## Extracted data

+ + +

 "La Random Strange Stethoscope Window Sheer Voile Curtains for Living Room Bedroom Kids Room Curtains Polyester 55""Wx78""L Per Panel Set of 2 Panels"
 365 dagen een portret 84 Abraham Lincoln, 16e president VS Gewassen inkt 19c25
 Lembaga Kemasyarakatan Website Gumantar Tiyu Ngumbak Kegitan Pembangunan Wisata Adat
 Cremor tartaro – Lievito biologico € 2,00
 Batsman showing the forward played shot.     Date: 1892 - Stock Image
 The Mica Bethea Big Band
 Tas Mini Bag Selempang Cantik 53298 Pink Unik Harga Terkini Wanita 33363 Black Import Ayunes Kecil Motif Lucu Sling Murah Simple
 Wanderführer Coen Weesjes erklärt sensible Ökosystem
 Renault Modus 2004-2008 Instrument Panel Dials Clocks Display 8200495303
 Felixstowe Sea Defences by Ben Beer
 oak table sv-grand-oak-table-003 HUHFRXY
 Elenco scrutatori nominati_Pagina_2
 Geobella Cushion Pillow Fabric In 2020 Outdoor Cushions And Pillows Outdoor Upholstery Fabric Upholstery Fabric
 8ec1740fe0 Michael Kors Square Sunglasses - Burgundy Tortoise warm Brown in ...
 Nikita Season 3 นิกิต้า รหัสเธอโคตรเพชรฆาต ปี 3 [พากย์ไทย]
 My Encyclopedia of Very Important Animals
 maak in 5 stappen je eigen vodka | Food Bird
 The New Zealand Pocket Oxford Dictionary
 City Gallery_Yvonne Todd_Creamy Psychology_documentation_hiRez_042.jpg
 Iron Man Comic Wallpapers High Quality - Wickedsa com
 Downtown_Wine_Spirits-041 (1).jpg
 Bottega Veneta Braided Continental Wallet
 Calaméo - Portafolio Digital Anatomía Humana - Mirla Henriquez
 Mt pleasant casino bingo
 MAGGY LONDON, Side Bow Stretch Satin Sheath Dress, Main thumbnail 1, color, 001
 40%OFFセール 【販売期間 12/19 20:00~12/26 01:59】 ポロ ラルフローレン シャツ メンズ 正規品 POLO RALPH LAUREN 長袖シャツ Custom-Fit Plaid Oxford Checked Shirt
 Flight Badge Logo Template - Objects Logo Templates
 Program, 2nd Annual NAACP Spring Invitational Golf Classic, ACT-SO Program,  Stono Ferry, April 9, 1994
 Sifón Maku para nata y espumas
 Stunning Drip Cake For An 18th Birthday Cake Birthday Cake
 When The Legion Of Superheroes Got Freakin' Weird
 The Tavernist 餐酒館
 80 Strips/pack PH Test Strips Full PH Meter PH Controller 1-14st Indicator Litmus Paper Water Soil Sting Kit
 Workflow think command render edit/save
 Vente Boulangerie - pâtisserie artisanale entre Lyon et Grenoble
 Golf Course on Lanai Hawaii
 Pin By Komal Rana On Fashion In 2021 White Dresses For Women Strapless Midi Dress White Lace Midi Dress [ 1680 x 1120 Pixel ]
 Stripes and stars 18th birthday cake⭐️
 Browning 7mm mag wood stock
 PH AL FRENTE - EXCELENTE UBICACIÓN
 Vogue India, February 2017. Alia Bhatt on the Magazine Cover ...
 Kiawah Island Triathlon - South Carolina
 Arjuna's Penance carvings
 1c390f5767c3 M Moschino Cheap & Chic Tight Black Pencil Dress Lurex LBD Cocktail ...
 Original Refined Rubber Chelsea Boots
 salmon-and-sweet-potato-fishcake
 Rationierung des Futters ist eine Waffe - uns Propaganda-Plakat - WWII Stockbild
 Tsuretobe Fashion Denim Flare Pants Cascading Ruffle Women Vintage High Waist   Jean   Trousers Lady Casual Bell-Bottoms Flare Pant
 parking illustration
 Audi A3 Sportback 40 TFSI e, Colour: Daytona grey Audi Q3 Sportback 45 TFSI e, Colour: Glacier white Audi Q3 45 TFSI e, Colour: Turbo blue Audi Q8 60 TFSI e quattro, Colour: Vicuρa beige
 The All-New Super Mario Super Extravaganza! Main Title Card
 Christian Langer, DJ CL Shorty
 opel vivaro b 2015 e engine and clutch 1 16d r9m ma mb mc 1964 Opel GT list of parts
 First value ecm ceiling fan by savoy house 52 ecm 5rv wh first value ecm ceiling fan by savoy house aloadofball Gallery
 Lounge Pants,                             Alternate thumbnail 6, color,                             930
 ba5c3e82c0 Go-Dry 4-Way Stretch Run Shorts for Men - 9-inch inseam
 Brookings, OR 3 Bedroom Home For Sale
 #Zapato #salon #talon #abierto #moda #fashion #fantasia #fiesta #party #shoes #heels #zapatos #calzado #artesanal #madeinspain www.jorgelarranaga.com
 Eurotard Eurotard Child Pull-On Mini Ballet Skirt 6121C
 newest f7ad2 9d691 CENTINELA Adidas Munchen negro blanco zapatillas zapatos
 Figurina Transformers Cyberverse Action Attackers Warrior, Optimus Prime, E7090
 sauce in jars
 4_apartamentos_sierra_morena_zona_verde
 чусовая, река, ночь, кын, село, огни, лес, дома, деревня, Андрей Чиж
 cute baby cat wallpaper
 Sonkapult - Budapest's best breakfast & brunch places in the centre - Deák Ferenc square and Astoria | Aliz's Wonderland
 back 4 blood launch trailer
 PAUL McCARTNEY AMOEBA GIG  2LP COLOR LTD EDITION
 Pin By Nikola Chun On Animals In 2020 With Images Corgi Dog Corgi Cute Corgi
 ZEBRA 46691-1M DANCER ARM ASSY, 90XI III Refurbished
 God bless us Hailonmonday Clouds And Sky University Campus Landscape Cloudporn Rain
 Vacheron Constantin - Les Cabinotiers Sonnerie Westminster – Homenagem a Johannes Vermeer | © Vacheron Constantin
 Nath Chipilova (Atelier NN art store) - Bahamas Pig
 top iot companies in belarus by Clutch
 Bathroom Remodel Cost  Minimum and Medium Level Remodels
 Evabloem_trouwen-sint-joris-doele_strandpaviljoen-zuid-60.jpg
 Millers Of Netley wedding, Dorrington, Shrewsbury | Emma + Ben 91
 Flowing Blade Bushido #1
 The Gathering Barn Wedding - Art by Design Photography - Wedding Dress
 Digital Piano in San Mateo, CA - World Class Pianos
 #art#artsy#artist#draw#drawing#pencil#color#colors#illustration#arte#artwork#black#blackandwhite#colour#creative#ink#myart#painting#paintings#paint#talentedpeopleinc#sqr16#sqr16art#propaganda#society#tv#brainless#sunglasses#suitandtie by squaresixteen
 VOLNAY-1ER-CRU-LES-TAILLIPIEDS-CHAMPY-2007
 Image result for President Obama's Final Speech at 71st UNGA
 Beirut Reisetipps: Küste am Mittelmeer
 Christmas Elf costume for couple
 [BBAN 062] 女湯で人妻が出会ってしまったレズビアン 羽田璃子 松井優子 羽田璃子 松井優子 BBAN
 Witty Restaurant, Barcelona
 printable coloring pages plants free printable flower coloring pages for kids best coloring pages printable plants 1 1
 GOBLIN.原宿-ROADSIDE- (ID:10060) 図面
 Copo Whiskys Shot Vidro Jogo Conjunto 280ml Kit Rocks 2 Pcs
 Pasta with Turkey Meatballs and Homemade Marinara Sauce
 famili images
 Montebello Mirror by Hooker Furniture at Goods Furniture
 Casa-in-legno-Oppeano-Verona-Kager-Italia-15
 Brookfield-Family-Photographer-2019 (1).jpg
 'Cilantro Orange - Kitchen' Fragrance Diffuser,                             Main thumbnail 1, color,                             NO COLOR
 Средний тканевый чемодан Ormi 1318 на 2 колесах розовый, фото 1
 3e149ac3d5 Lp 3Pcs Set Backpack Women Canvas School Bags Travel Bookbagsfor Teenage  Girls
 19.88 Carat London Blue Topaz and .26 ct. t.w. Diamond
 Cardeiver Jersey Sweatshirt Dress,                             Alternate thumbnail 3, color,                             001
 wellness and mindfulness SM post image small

+ + +

## What is required
Please go through the data above and copy each line containing the word "Women".

## Output for this task
 Pin By Komal Rana On Fashion In 2021 White Dresses For Women Strapless Midi Dress White Lace Midi Dress [ 1680 x 1120 Pixel ]
 Tsuretobe Fashion Denim Flare Pants Cascading Ruffle Women Vintage High Waist   Jean   Trousers Lady Casual Bell-Bottoms Flare Pant
 3e149ac3d5 Lp 3Pcs Set Backpack Women Canvas School Bags Travel Bookbagsfor Teenage  Girls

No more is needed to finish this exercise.